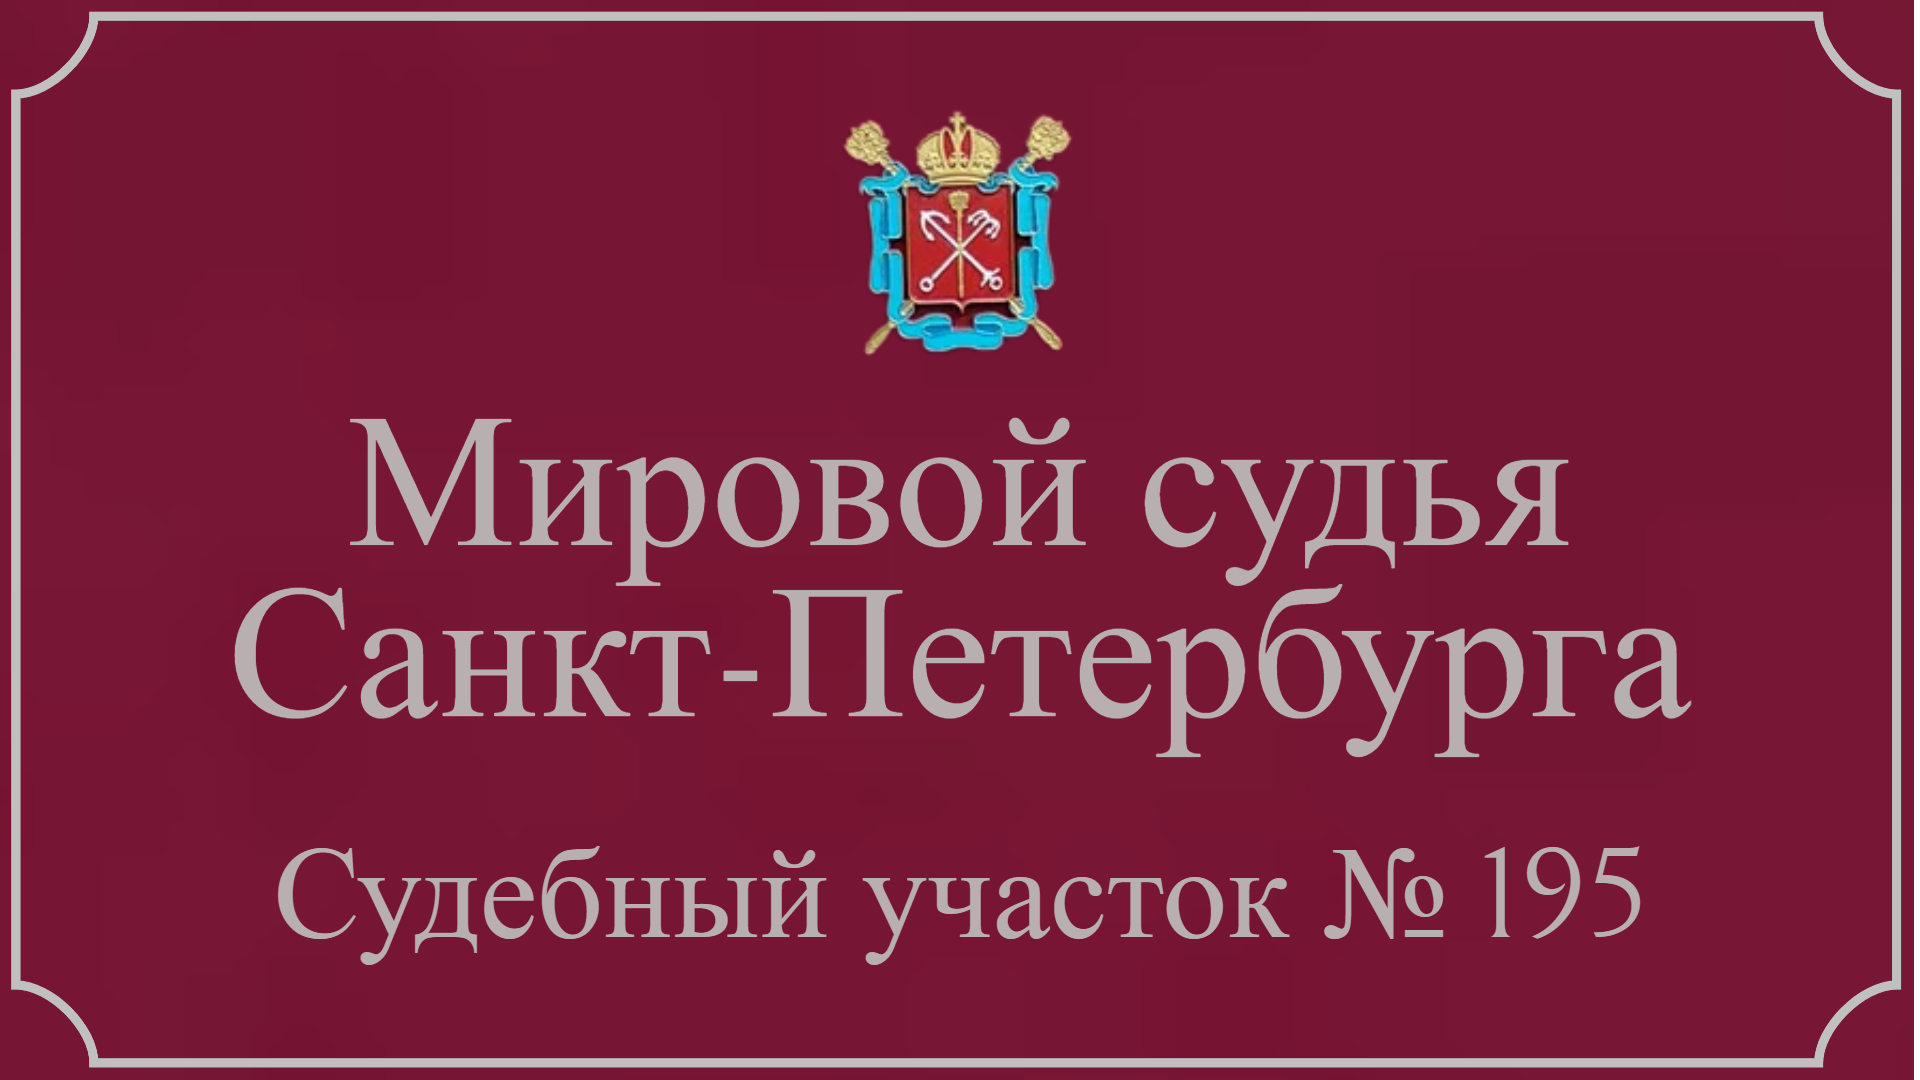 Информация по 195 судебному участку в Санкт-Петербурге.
--
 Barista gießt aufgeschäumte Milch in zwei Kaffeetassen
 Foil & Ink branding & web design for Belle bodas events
---
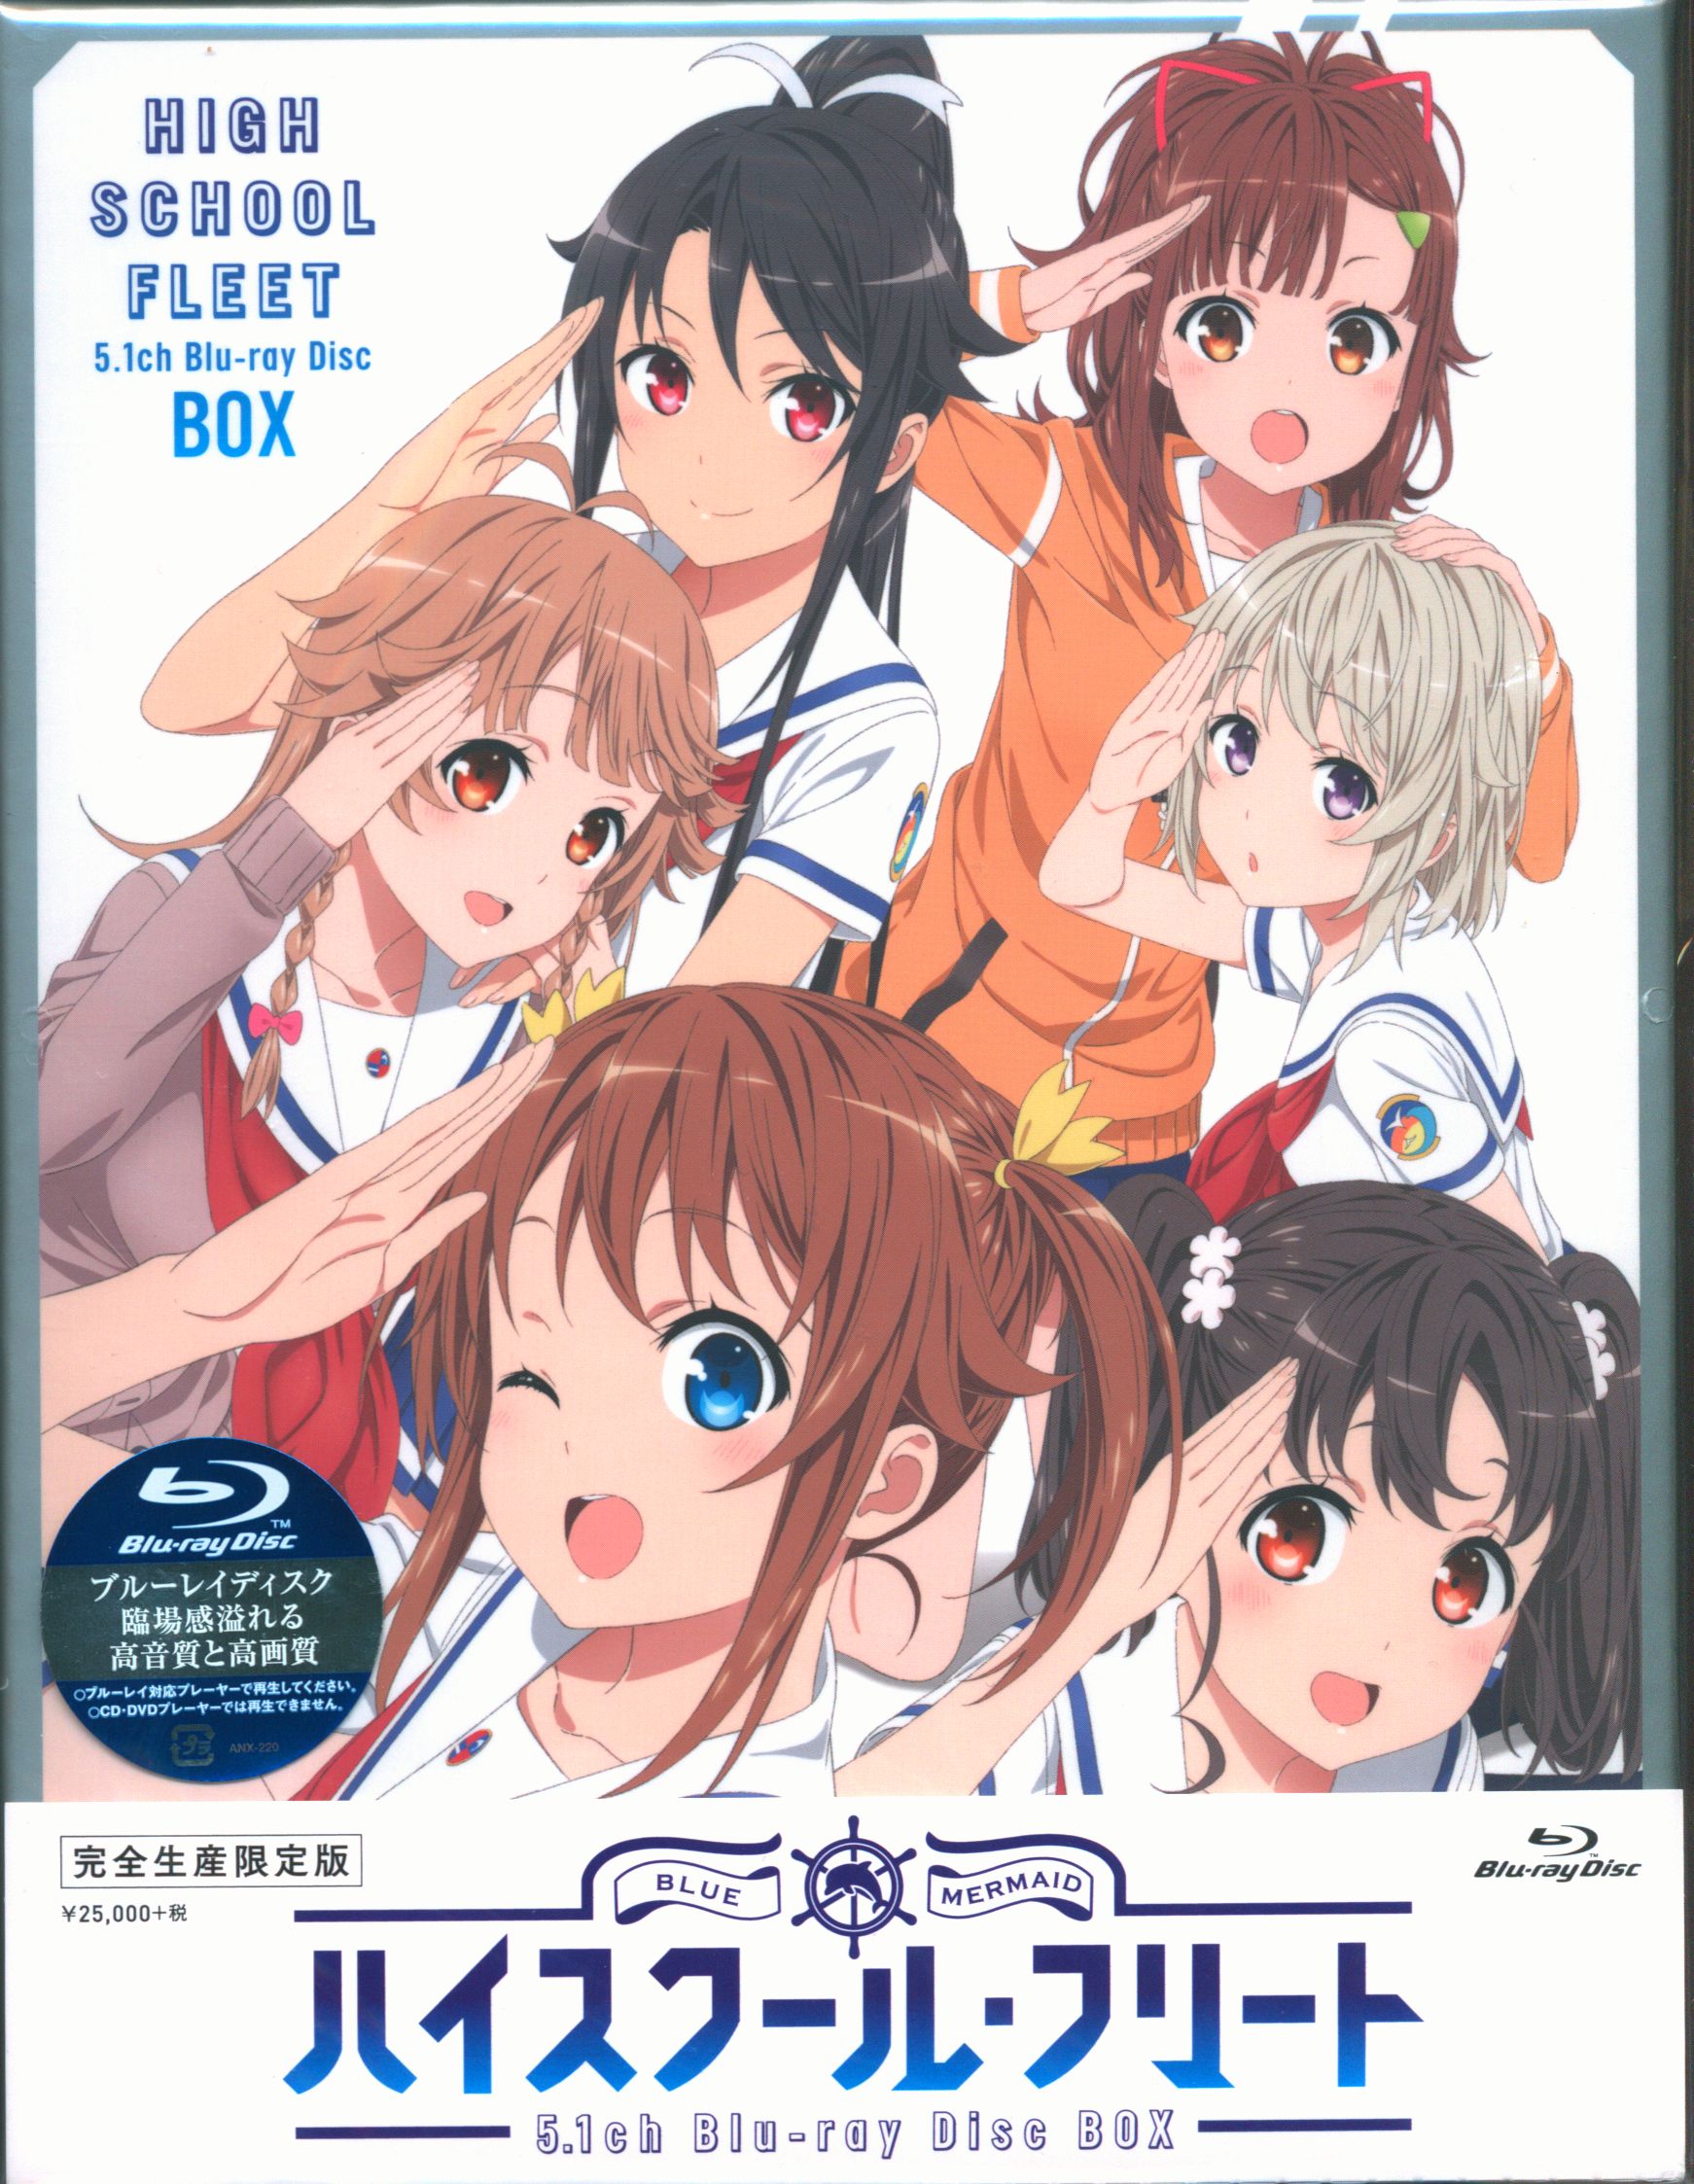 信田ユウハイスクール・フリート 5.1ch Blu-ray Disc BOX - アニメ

#### ASSIGNMENT:
Only the lines above from the one with "Barista gießt aufgeschäumte" through the one with "Foil & Ink branding" should be duplicated, character for character.

#### TASK RESPONSE:
 Barista gießt aufgeschäumte Milch in zwei Kaffeetassen
 Foil & Ink branding & web design for Belle bodas events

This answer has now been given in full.